Wednesday, February 05, 2014

Big Win For CCA Bond

An interesting election last night in Clear Creek Amana: a case where a drop in turnout may actually indicate an increase in support.

The CCA bond issue passed 78-22%. It's a general rule of our local politics that any money  issue starts off with about a 20% automatic no vote, driven by either ideology (Tax Bad) or self-interest (MY kids are out of school). So to reach that magic 60% for a bond, and subtracting that 20% Automatic No, you have to win 75% of the remaining 80% of the electorate.

Yesterday's issue won pretty much everyone EXCEPT the Automatic No.
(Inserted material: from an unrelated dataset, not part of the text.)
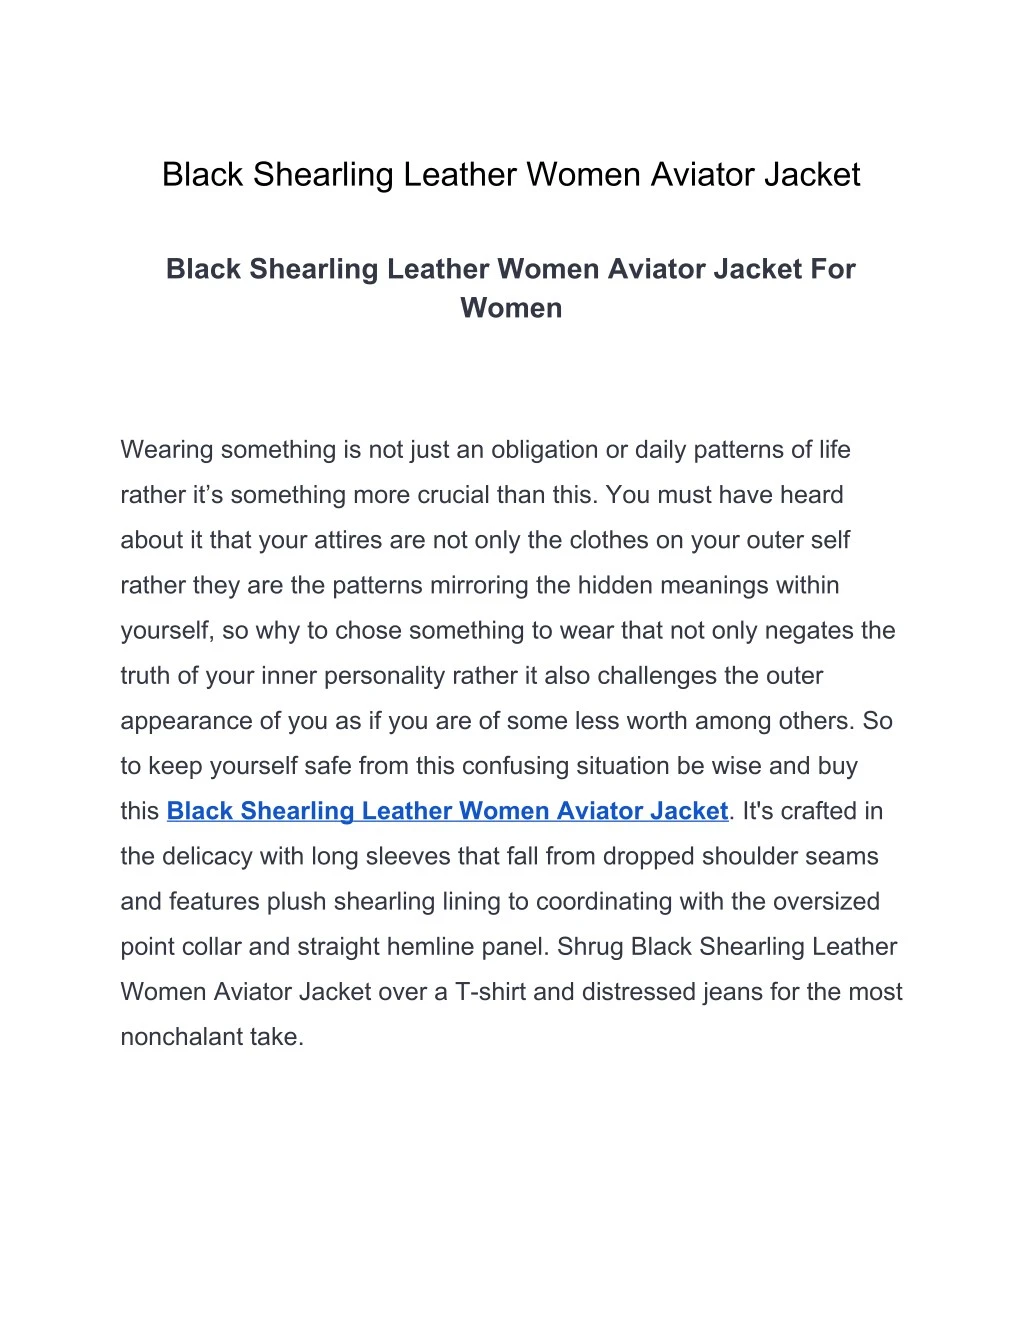 black shearling leather women aviator jacket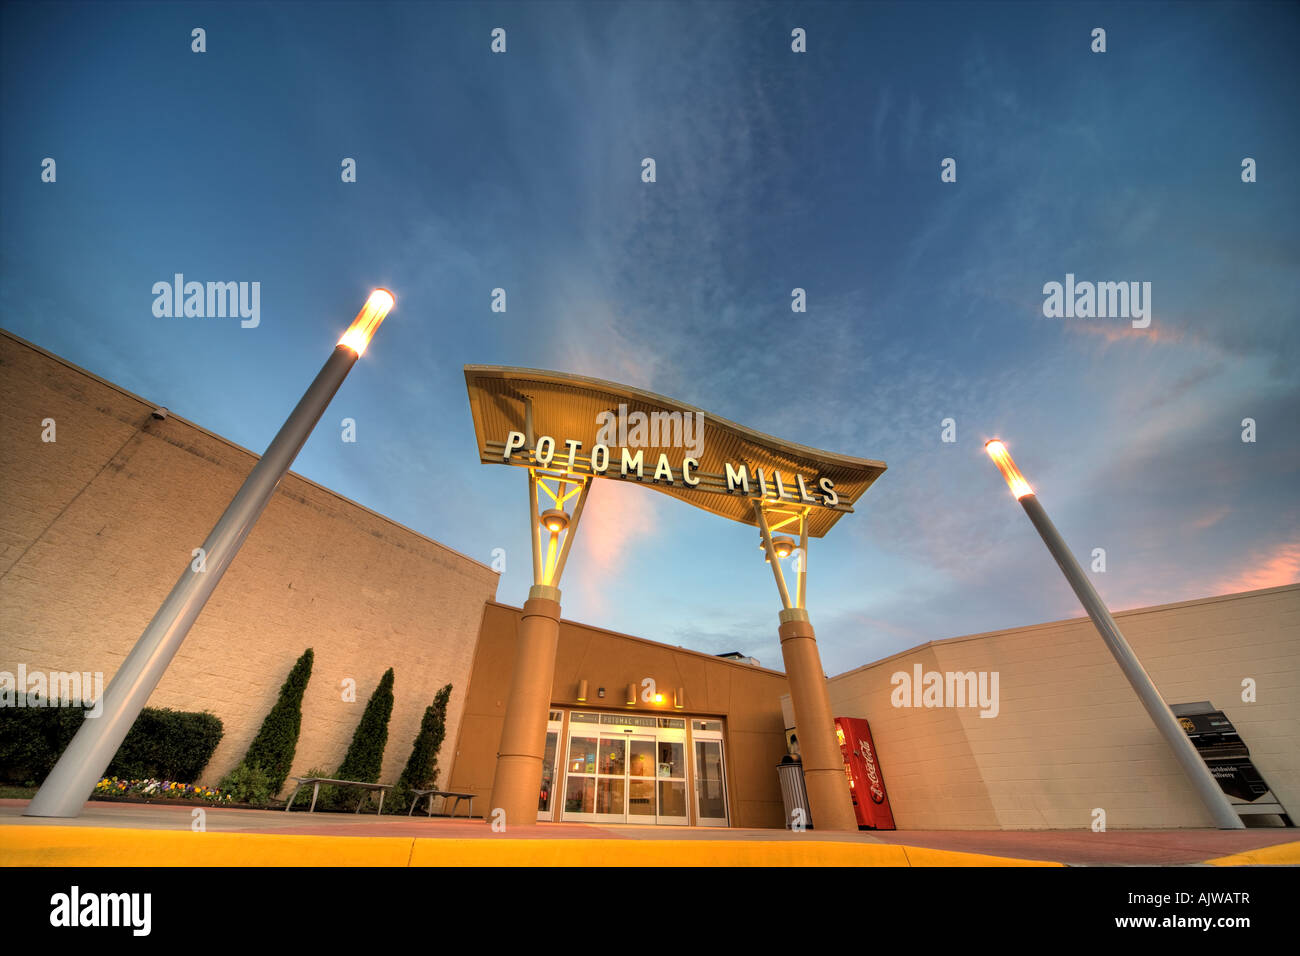 Potomac mills mall washington hi-res stock photography and images - Alamy

As expected, the Yes was highest in the high-growth areas on the east end of the district: 83% in Tiffin and a North Korean 93% on the west side of North Liberty.

During the day, based on turnout and based on past elections, I was predicting a 67 or 68% win. My benchmark was the February 2006 vote that built North Bend Elementary, the "new" school that's already crowded. That vote saw similar high support in North Liberty and Tiffin, but strong opposition in Iowa County in the former Amana school district, where growth is slower.

Amana voters have always shown a sharply different voting pattern to the Johnson County part, both for candidates and for bonds. So my 67-68% estimate was based on a 75% No vote out of Amana like they saw in 2006.

Instead, Amana voted two to one YES yesterday, kicking the result up from the solid win of 2006 to the near-consensus level of 78%.

That near consensus may have been why turnout dropped. In 2006, with active opposition from Amana, both the Yes and No sides stepped up their early voting and election day efforts, and cranked turnout up to 41%.

But yesterday, turnout slipped to 16%. Weather may have been a factor; I can't remember the exact conditions of 2006 but it was at the same time of year. But weather didn't hurt turnout in Swisher, where a divisive mayor's race yesterday drew 48% to the polls.

More of a factor, I think? With no active opposition and a near consensus that the project was needed, there was less of a sense of urgency and more confidence. So paradoxically, the drop in turnout was likely an indicator of the increase in support. I'm just a blogger not a professor, but someone should write a journal article.